Website still under construction.


----------



## Budda (May 29, 2007)

I love the idea, will watch with curiousity as this unfolds.


----------



## TFridgen (Nov 10, 2009)

Got a quote for a King Kong 10. 2950 before taxes....


----------



## Lordtoneamps (Dec 23, 2015)

For cabinets I have multiple options indeed!

There is some amps that I can not make (at this moment), one of these is King Kong. I'm working on get better prices for you and for the same reason I didn't put prices on fb or here, but I want to bring you good prices in my page.
There is some things that I can play for better cost but since Ceriatone is far away from here and the money rate is in USD, I can not play with macro economics issues like import taxes, rates of dollar, Intl shipping, etc.


----------



## Lordtoneamps (Dec 23, 2015)

Hi:

I want to introduce you to the website: www.lordtoneamps.ca
Please take a look, I still have to complete some information like prices or other models but the gross is there.

Regards


----------



## davetcan (Feb 27, 2006)




----------



## Lordtoneamps (Dec 23, 2015)

Yes, it's ok now.
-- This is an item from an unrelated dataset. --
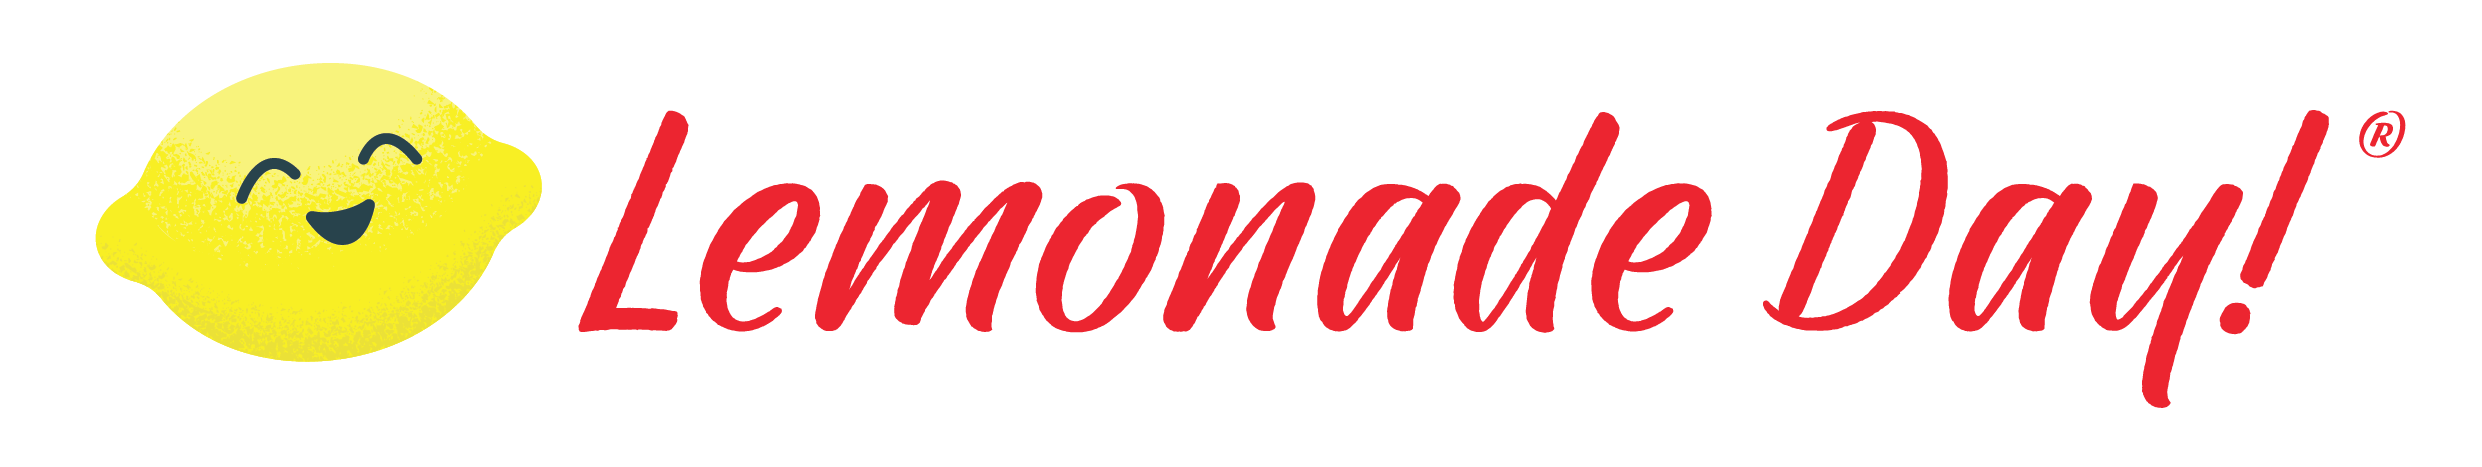 ldn-logo
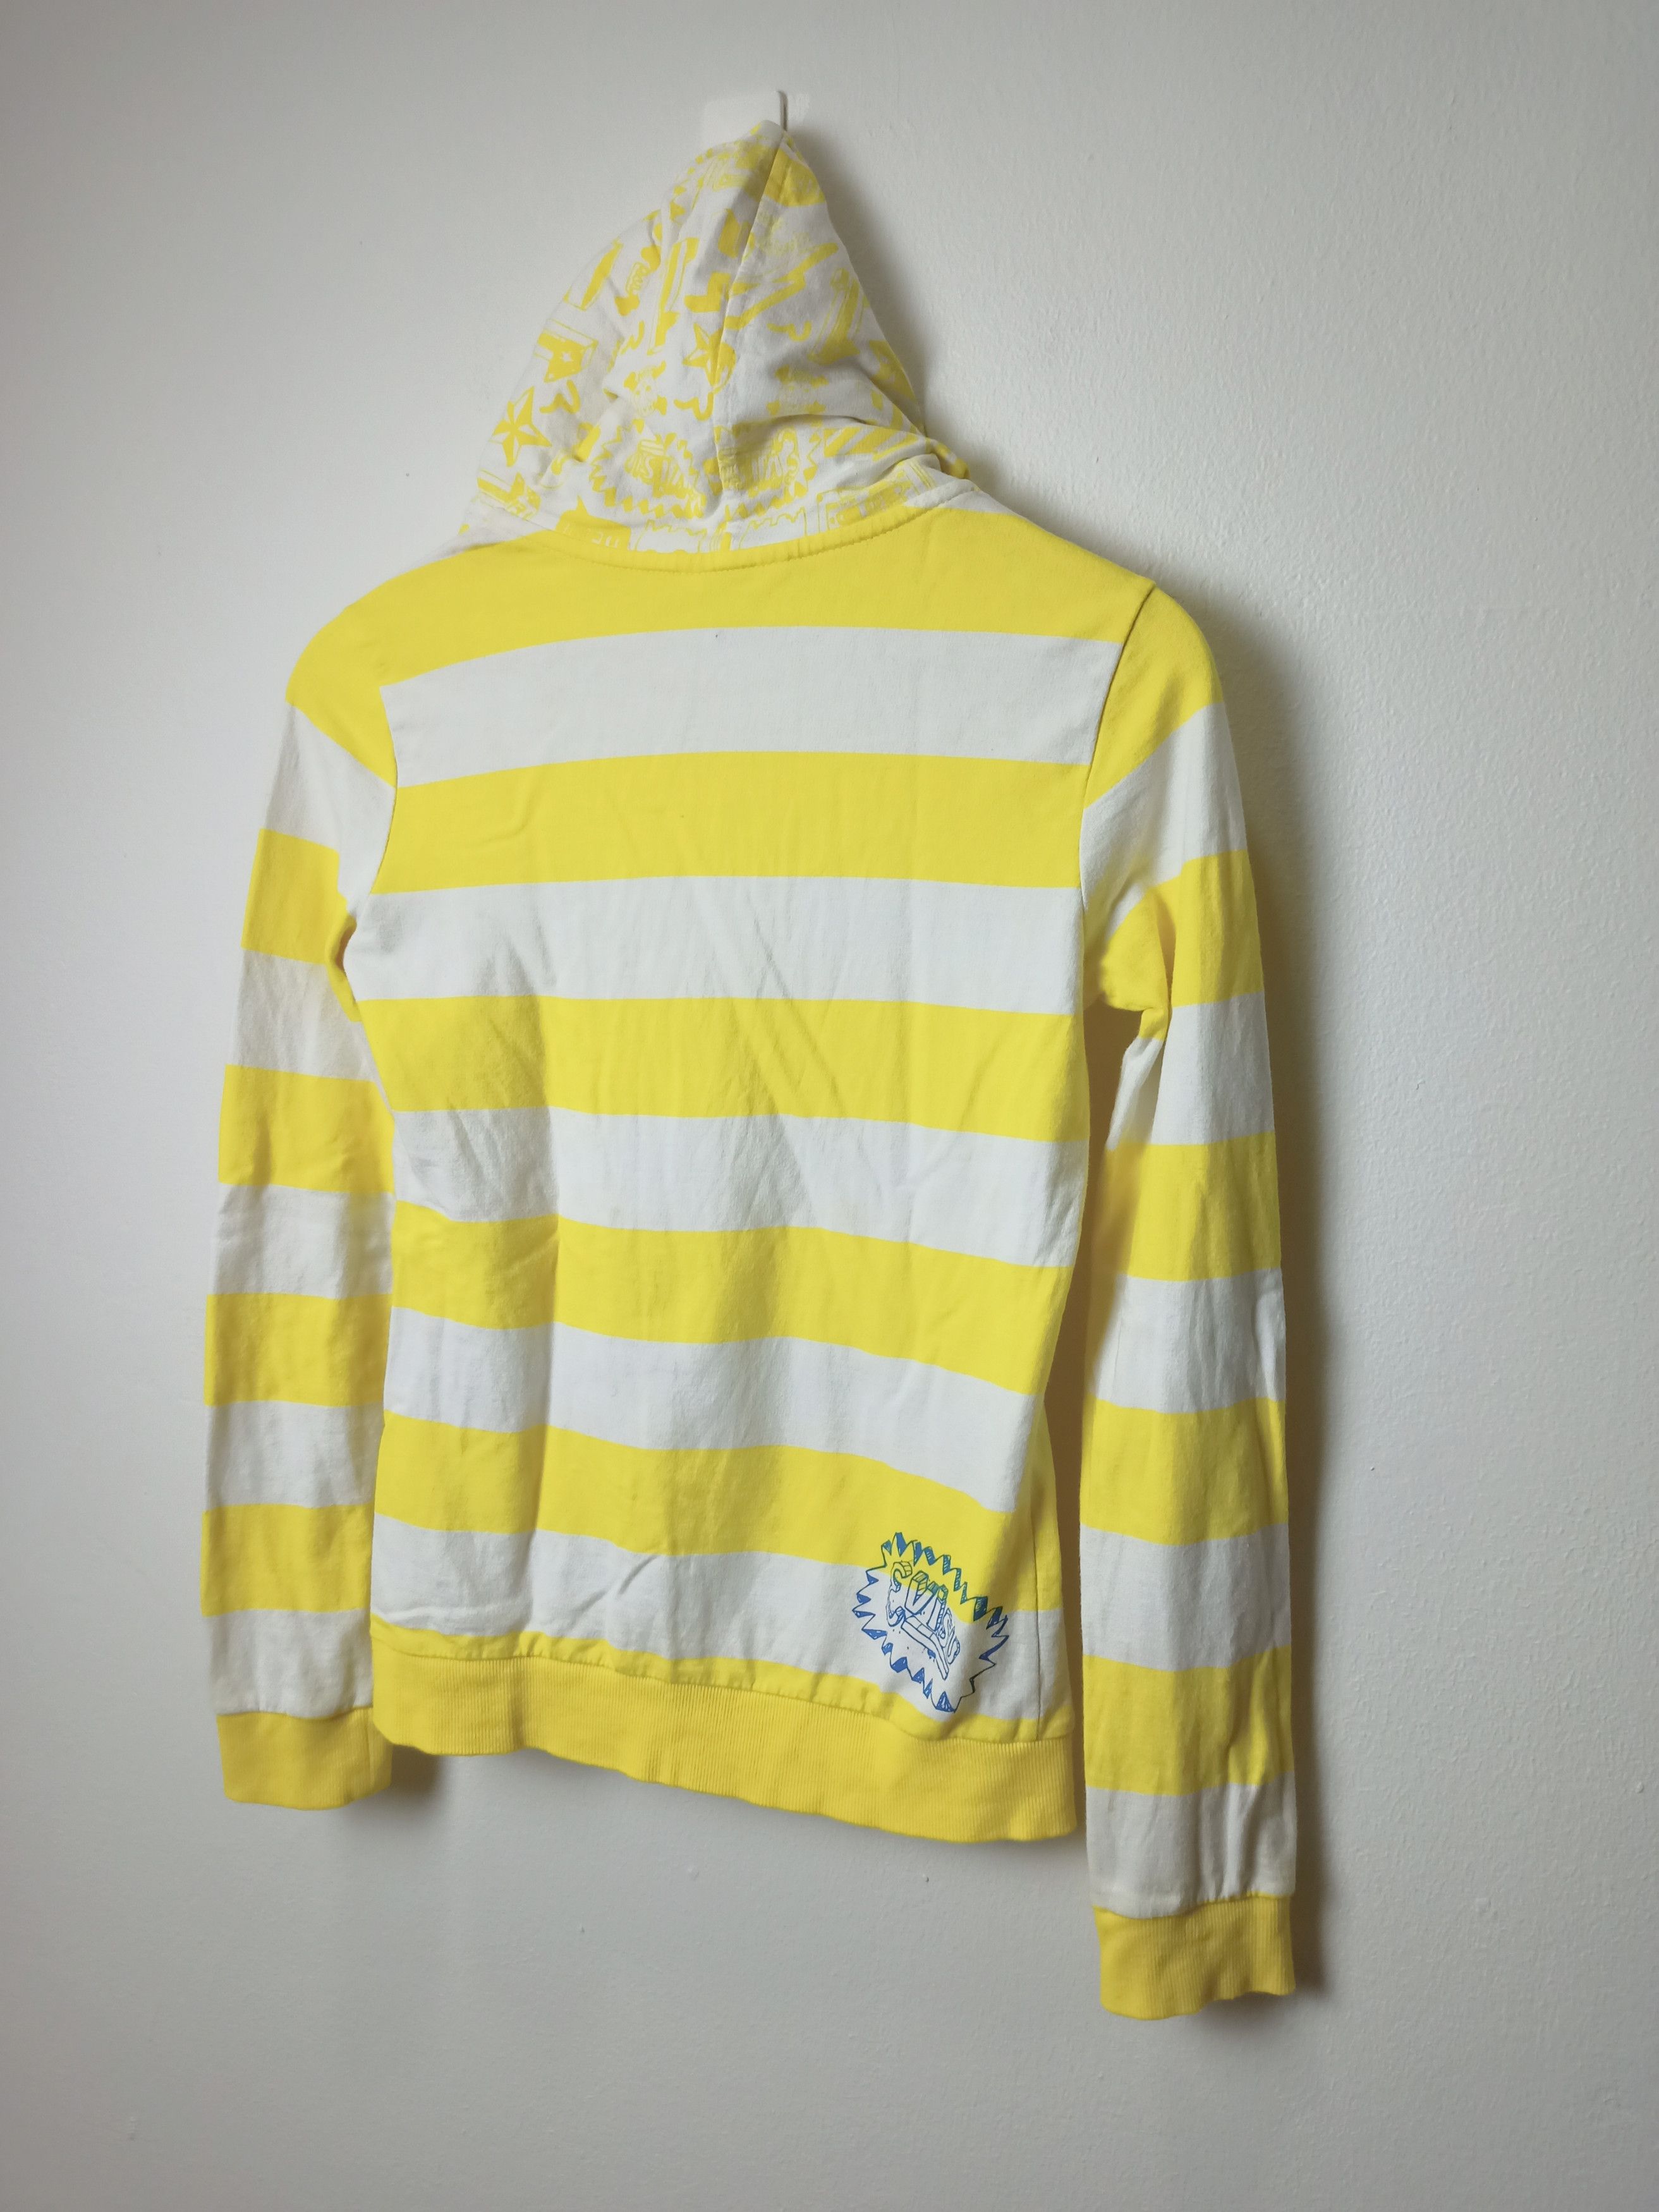 Japanese Brand Evisu Sweetshirt Hoodies Size S / US 4 / IT 40 - 6 Thumbnail

Site is under the tuning phase, so it could has some short periods offline in the near future for correcting details, sorry for the inconvenience.


----------



## 4345567 (Jun 26, 2008)

__________


----------



## keto (May 23, 2006)

nkjanssen said:


> So no option to have one built with the burning hatred of a thousand suns?


I peed a little.


----------



## Lordtoneamps (Dec 23, 2015)

nkjanssen said:


> So no option to have one built with the burning hatred of a thousand suns?


I put some love inside, you can put whatever you need outside...  , Even a Warlock BC Rich...


----------



## C#orBb (Jul 27, 2017)

So the website is still under construction? - or have you given up on the idea?
I'm a web designer and there is no way it should take this long.
Heck, I'll design it for you in exchange for a Ceriatone amp...


----------